Basically what he means is this (I’m borrowing his analogy – cause i think its so great! And easy to understand!) – Pretend like your gut is a church. And the walls of your gut are the pews people sit in. You want there to be GOOD people in those pew – nice, pearl-wearing, praise-singing little old ladies who love Jesus. (ok i get that theologically this is not sound, but go with it). Good people in the pews of your church – got it?

well, antibiotics come in and make the good people of church leave. Just kills them, makes them get up and stomp out, take their friends with them – gone. And THENNNNn – that leaves room for all the BAD PEOPLE to come sit in your church pews. Tattooed, bike-riding, swearing, drug-dealing bad people are now sparsely sitting in the pews of your church, and letting all sorts of chaos go on in your church (gut). They run rampant, knock holes in the walls of the church, and now you just have a bunch of tattooed Hell’s Angels roaming around your abdominal cavity and taking cruises in your bloodstream. Kendall’s church does not have good people in it!!! So the way to STOP this activity, is to stop antibiotics. Drink Activia, repopulate your church with good people sitting in nice strong pews, and non-holey walls in your church, eat yogurt and leafy greens. Poop regularly – so you can flush the bad guys down the toilet. Literally.

Clearly, that is a great theory for guts that actually function well. Kendall’s does not. So our goal is to keep the bad guys moving, and reduce Kendall’s antibiotic use as much as possible. This will mean that we treat even less of her UTI’s than we already do. This will mean that she will have more pain again – but there are ways we can hopefully lessen the pain, lessen the risk of re-infection, and keep things moving forward. AND GET OUTTA THIS CYCLE!!

So what I came away with is that Kendall does have an immune deficiency – but it is one of functionality vs. one of a “traditional” sense where her blood cells don’t function well. Her immune SYSTEM (the T-cells and IgG and all that good stuff) that is actually functioning pretty well, given what it has to fight on a week to week basis. It is part of why she DOES bounce back from her infections so well once we get the right meds in place to kick the bad guys out of her bloodstream. That is a very good thing! Finally something her body does RIGHT!! But a major component of a HEALTHY functional immune system, is a healthy functional gut and bladder. That is how germs leave your body – through your waste. Kendall’s body doesn’t have an effective waste management system, and THAT is why she is in this current cycle. Microbiology – I do not understand at all. Gram negative, gram positive, rods, chains, bacilli, fungal pseudohyphae – gibberish. Poop? That i can do.  Keep her pooping and thereby we will HOPEFULLY keep her ridding herself of the bad guys. This is so much easier said than done that i can’t even tell you. BUT – it is a plan that I can understand. There aren’t a whole lot of warm fuzzy answers out there right now – but if this is as good as we can get – I’ll definitely take it.
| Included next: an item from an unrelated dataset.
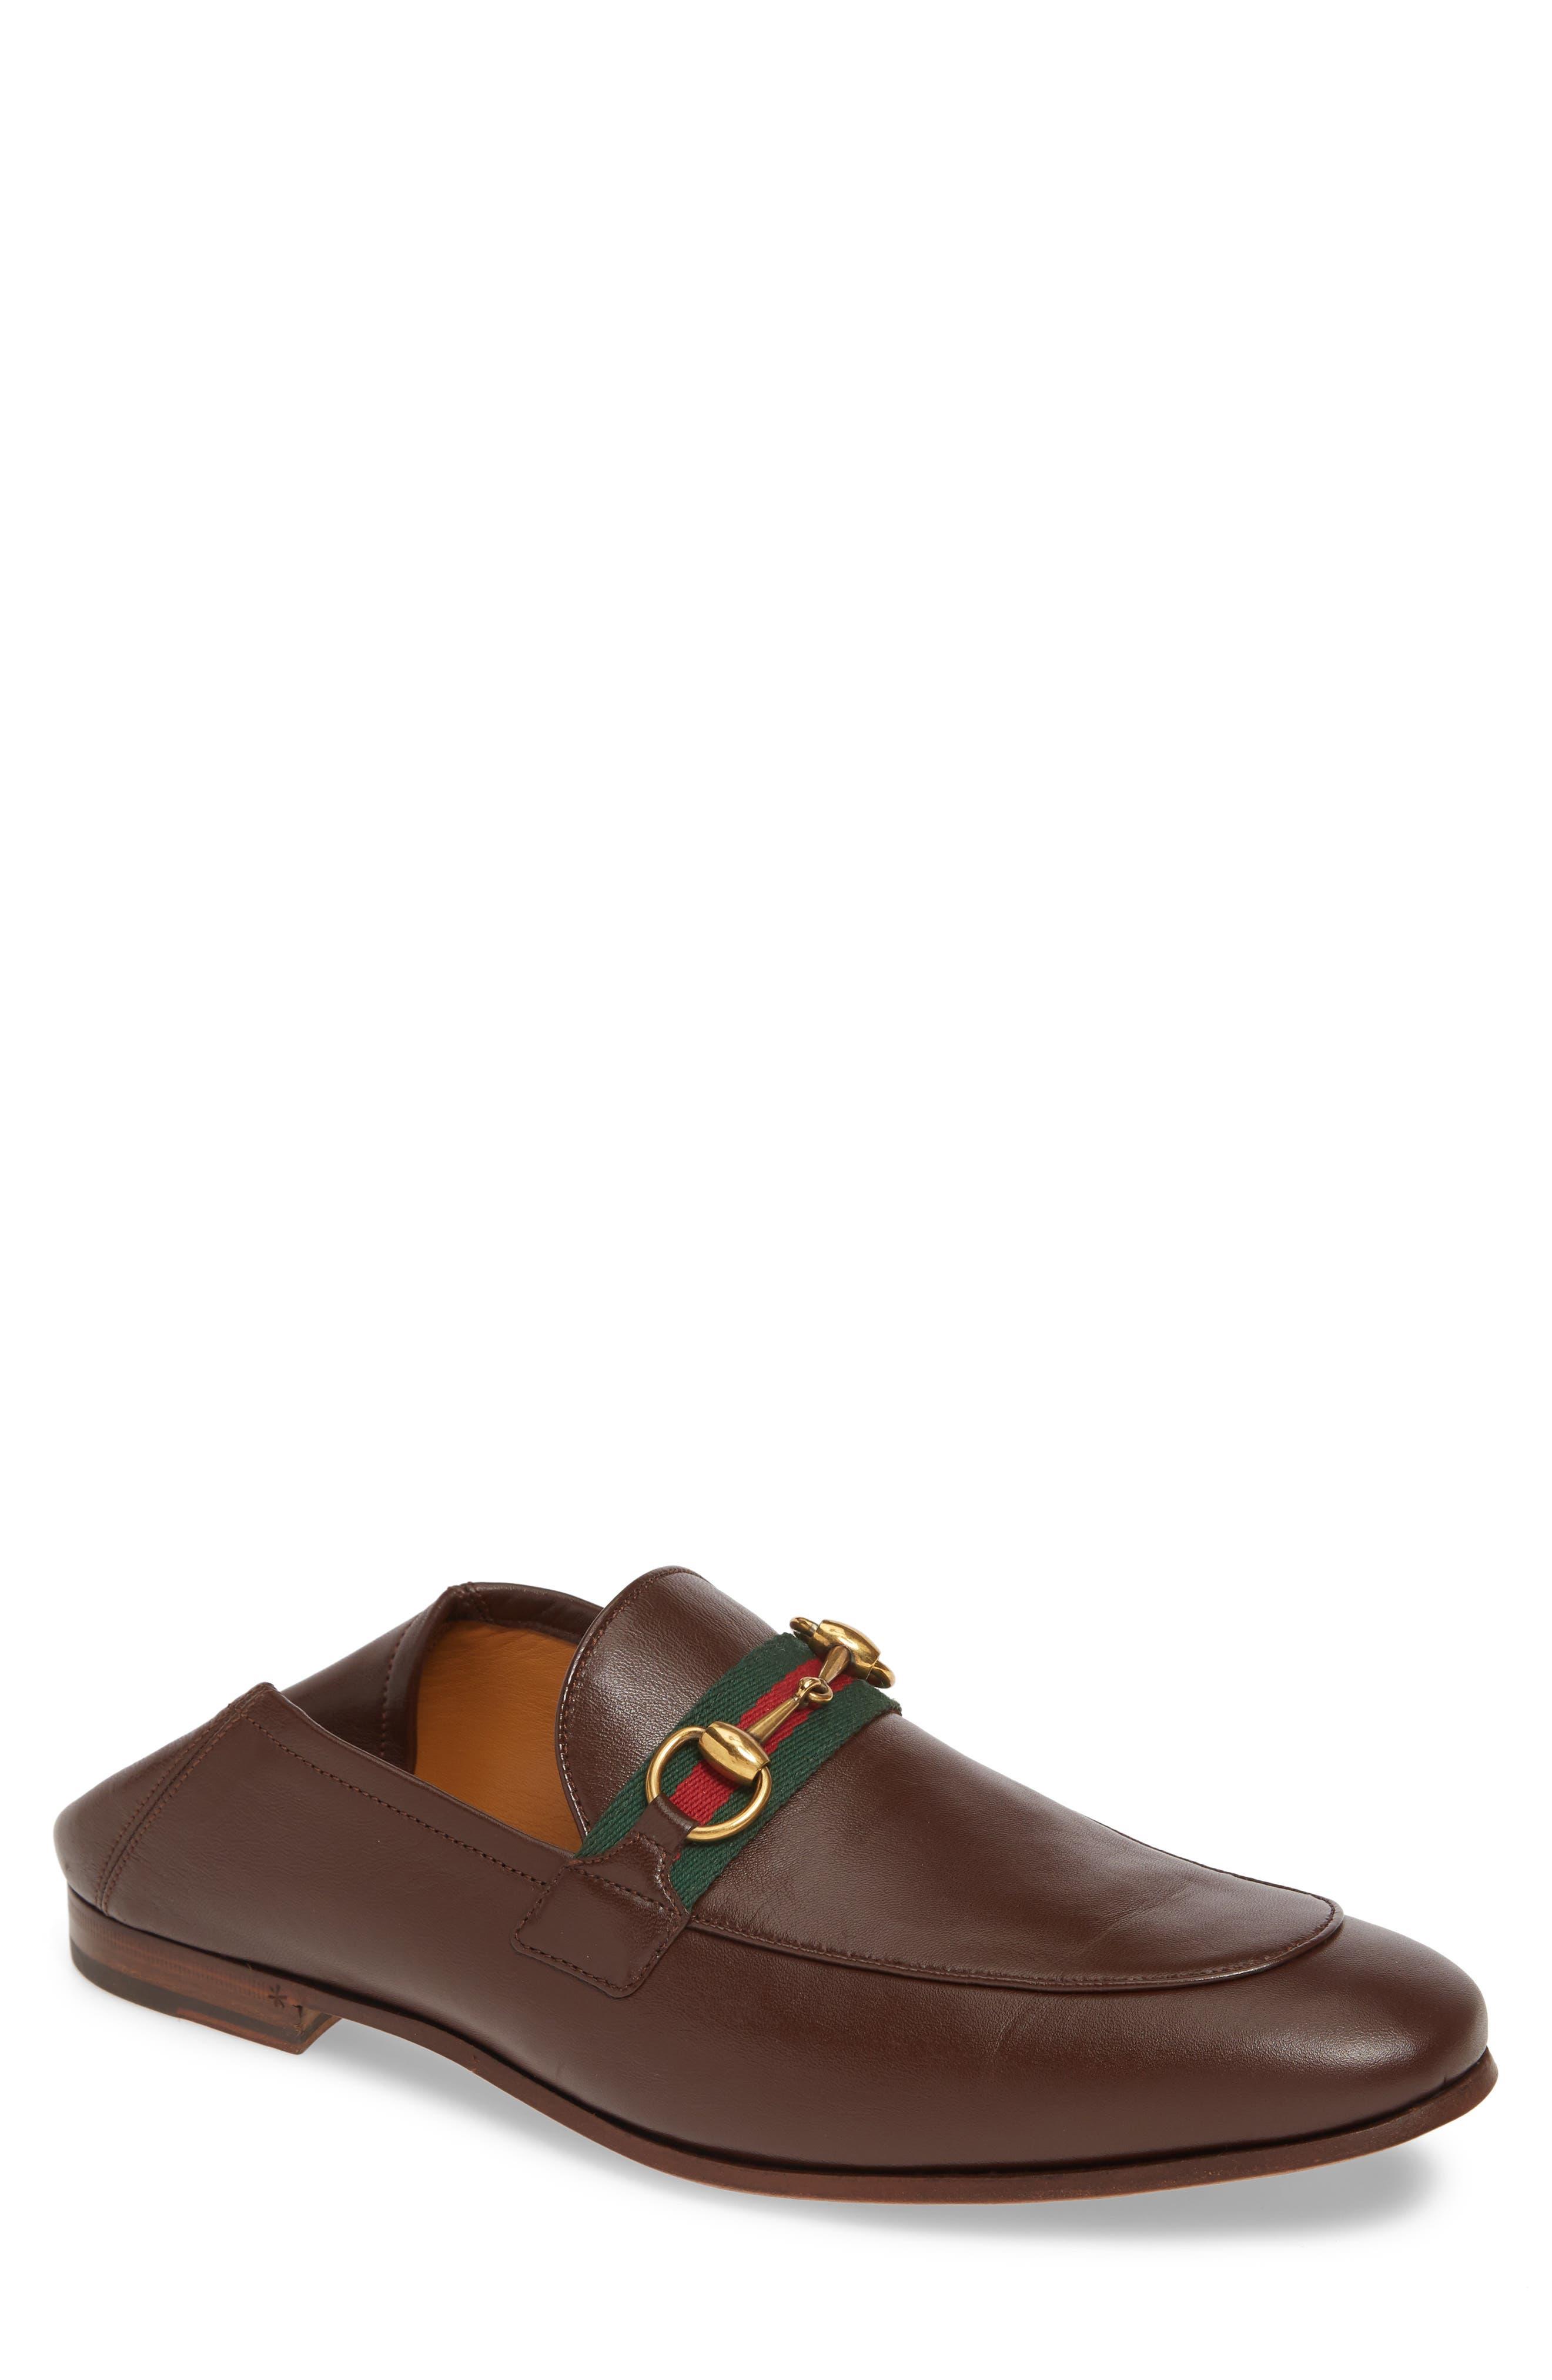 Men's Gucci Loafers \u0026 Slip-Ons   Nordstrom

We still have to have a few more conversations with her team as far as when and how do we react to Kendall’s “off days”. How do we know when to treat and when to sit back? Lots of questions still –but i feel like we at least have a compass heading now. SO much better than yesterday. Again I am blown away with the good care she is receiving here this visit. She somehow convinced her student nurse to take her to the playroom today.IMG_4674 Honestly i am not sure how he managed to convince his instructor that he could only work with Kendall today, and that playing tea party with her was part of the care he ‘HAD’ to give her…But up and down the hallway I can hear people walking by the playroom – oh look! Kendall’s in there! Hi Kendall! How are you Kendall! I am SO relieved that she feels good enough to go play in the playroom, as that rarely happens when we are here! She is definitely getting ready for her Halloween character – Cinderella – by being in RARE princess form and ordering around basically everyone who comes into our room! If it wasn’t so brat-tastic it might actually be cute. Our main doctor (her special needs doc) actually sent a text to her team yesterday when she arrived in the ER:”Kendall is in the ED for the + cultures. She is just TOO CUTE! Wanted graham crackers. I got her some. Admitting and ordering abx.” (One of the nurses showed it to me!) And this is why she thinks she can get away with anything! Being cute is actually part of her charted record!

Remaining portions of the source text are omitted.